Les AOVDQS réunies à Estaing : Vins : consommation et mise en marché difficiles

Alexandre Cayrac

Les AOVDQS réunies à Estaing : Vins : consommation et mise en marché difficiles

La consommation de vin baisse continuellement depuis 30 ans et subit les effets des messages publicitaires de prévention de l'alcoolisme. Le marché des vins reste lui très concurrentiel et difficile.

L'assemblée générale des Appellation d'Origine Vins Délimités de Qualité Supérieure (AOVDQS) à Estaing, a été l'occasion pour les producteurs de se familiariser avec les réalités d'un marché du vin en difficulté.
Selon Delphine Blanc, directrice de vin et société, «si le vin reste la boisson alcoolisée la plus bue en France, sa consommation a chuté de 47% depuis 1975». Les consommateurs réguliers disparaissent, les modes de consommation changent et les messages de santé publique font leur effet. «Nous faisons les frais d'une politique de santé publique anxiogène qui vise clairement à faire baisser la quantité d'alcool consommée» explique la directrice.
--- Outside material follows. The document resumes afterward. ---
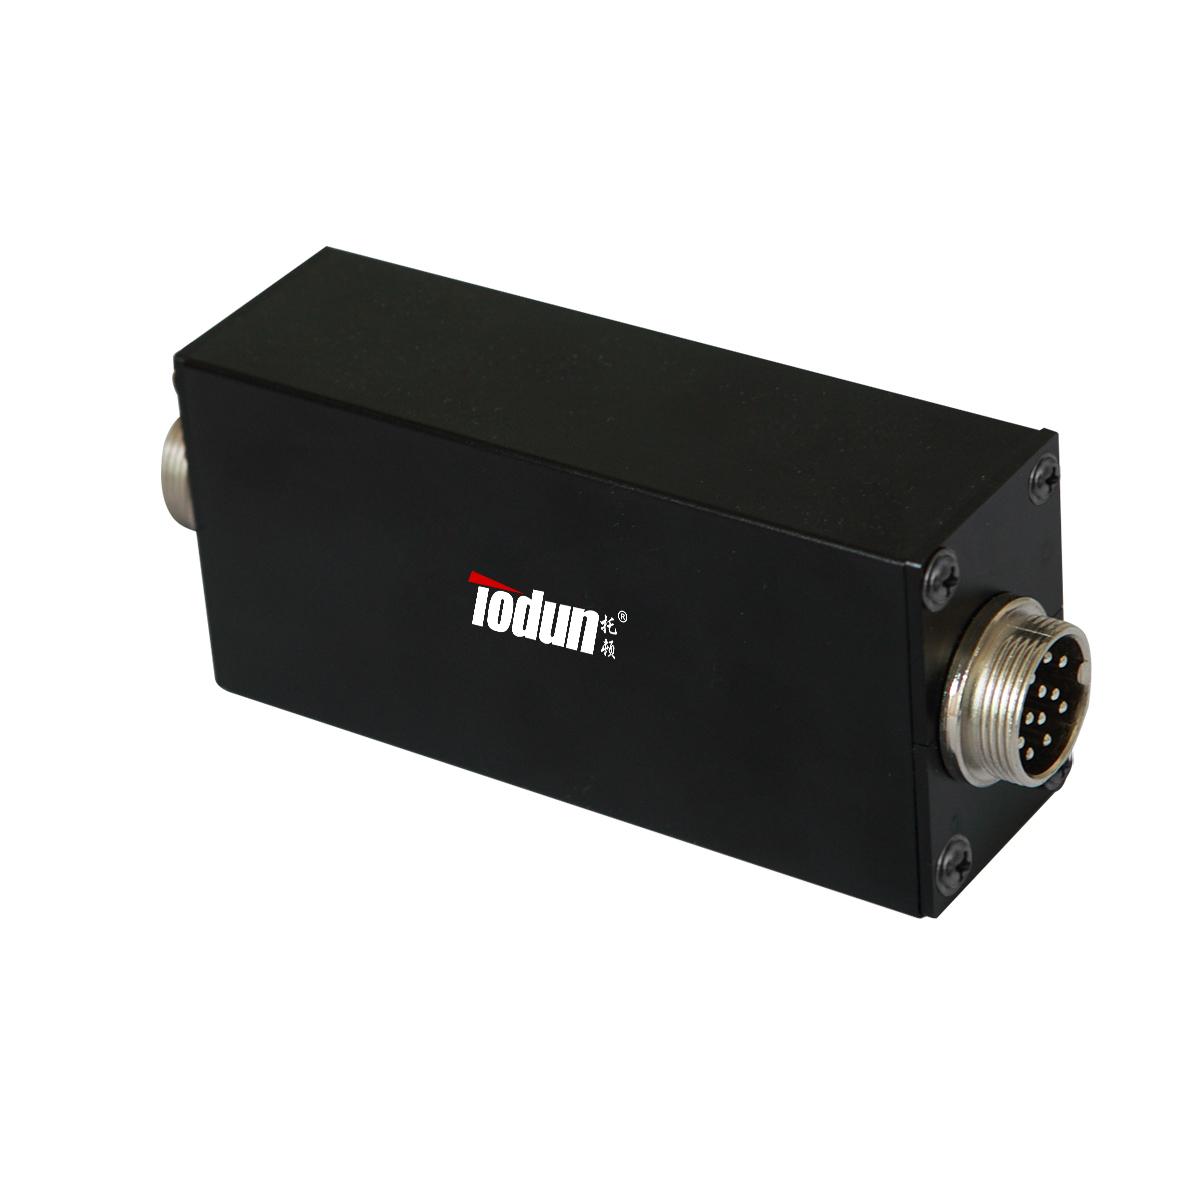 托顿TDB320H 数字同声传译设备 主线缆扩展器

Les professionnels du vin souhaiteraient eux que des messages sur «les bienfaits d'une consommation modérée» prennent le pas sur «les attaques» du Ministère de la Santé.

Trouver de nouveaux consommateurs

Et l'optimisme n'est pas de mise car la consommation devrait continuer à baisser. L'interdiction de vente d'alcool dans les stations service, la taxe sur les boissons sucrées, la complexification de la publicité pour les boissons alcoolisées, ou encore la réforme de l'étiquetage promet en effet un contexte difficile pour les vignerons.
Mais l'interprofession ne baisse pas les bras et met en place des actions de lobbying auprès des parlementaires et de l'Elysée pour limiter «ces agressions qui viennent de tous les côtés» avance la directrice de vin et Société. La communication sur une consommation modérée et sur les nouveaux modes de consommation va elle aussi être intensifiée. «Il faut trouver les moyens d'approcher les nouveaux consommateurs en cherchant comment nous pouvons parler du vin» souligne Delphine Blanc.

Faiblesse alarmante

Pour la mise en marché des vins, le constat n'est pas beaucoup plus positif. Pour Louis Vallet, ancien responsable des vins chez Carrefour, «le commerce et la mise en marché des vins est d'une faiblesse alarmante».
Premier problème : l'organisation de l'aval qui n'est selon lui pas suffisant. Deuxième point noir : la concurrence des sodas, jus de fruits, et eaux minérales. Mais en terme de commercialisation, le point qui, pour l'ancien distributeur, joue un rôle primordial, c'est la marque. Il explique en effet le succès des vins de pays de cépage, par le fait que les consommateurs achètent d'abord une marque, le cépage n'étant plus un critère qualitatif mais une simple information sur le produit.

Les AOVDQS dans le flou

«La nouvelle segmentation nous inquiète» a clairement expliqué le président des AOVDQS, François RAT, aux producteurs. Selon lui, «la profession n'a pas pu ou pas su intervenir sur l'organisation de la segmentation».
La nouvelle réglementation européenne qui fait disparaître les AOVDQS, et évoluer les AOC vers des Appellations d'Origine Protégée (AOP) posent en effet de nombreuses questions.
Quel positionnement des AOVDQS dans le schéma européen IGP AOP ?, Quelles AOC demain porteront le sigle AOP ? «Nous sommes perturbées par les incertitudes sur la mise en musique de ces modifications importantes sur lesquelles nous n'avons pas prise» regrette le président et d'ajouter «il faut que l'on nous dise clairement ce que l'on attend de nous».